In fact, sometimes when you see ships manoeuvring within feet of the delicate marina structure in a real breeze of wind, you can’t help but think that you are watching a YouTube “Best Ship Disasters” vid in the making, and that Poolbeg Marina’s continued existence is a little miracle.

ship close to yachtIt can be quite thought-provoking to see ships being manoeuvred in a breeze of wind within a stone’s throw of Poolbeg Marina. Photo: W M Nixon
So the Poolbeg contingent are planning to be there in strength on Thursday to see for themselves just what the future might hold, and among other things they’ll see confirmation that a bus-lane-and-pedestrian bridge is highly likely across the mouth of the Dodder, thereby cutting off access to the Grand Canal Basin for vessels with masts or even just exceptional top hamper – the only reassurance I could get was that “canal boats” will have sufficient clearance.

As for the Eastern Bypass, if the cheapo version along the beach is built, then Sandymount will indeed have lost its strand. At the moment, the little coastal road is something you can walk across at any point, and the seashore seems very accessible. But as soon as you get eastward of Merrion Gates, the railway is defining most of the shoreline, and the sense of the sea being accessible is no longer so apparent – who ever talks of Booterstown Beach?

A motorway along the beach is every bit as much of a barrier as a railway, so it would be the end of Sandymount Strand as thousands know and love it. But anyway, if such a road were built, it would only deliver people further along the line into another jam. To make sense, it would have to go all the way to the nearest part of the M50/M11 linkup, which is somewhere about Leopardstown. Yet there’s just no way a raw new motorway is going to be built across this unrivalled area of prime real estate.
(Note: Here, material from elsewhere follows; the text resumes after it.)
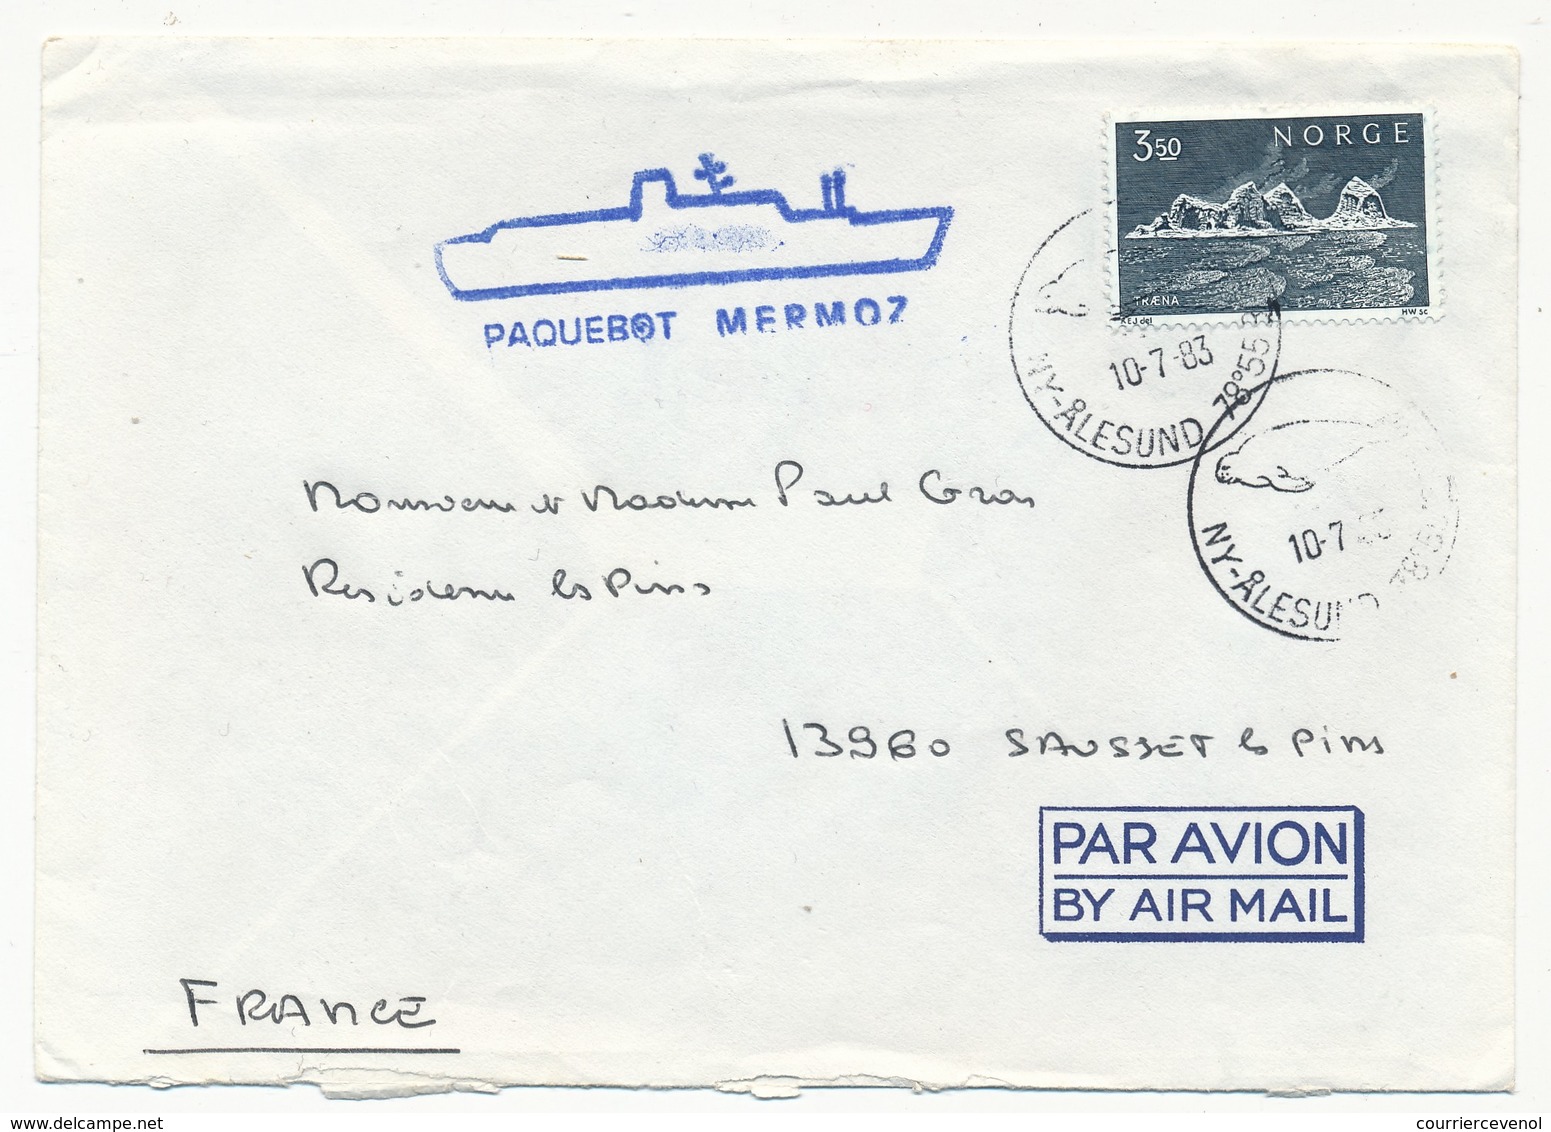 NORVEGE / FRANCE - Enveloppe Croisières Paquet - LY Ålesund (Norvège) 1983 Cachet "Paquebot Mermoz" - Maritime Post

However, north of the river the Port Tunnel is merrily working away, doing its work so well we almost forget it exists. Yet it seemed impossibly grandiose at the time it was first proposed.

A Ringsend to Leopardstown Tunnel would be about three times as long, and it would need at least two interchanges built into it to make logistical sense. But it is certainly well within the scope of fairly basic tunneling technology. And up in Arranmore in Donegal, there’s inherited tunneling expertise from the time of building the Channel Tunnel between England and France. The Arranmore economy would find the Ringsend-Leopardstown Tunnel a very nice little earner, thank you. And with some clever planning, it could leave the communities of Ringsend, Irishtown and Sandymount largely intact.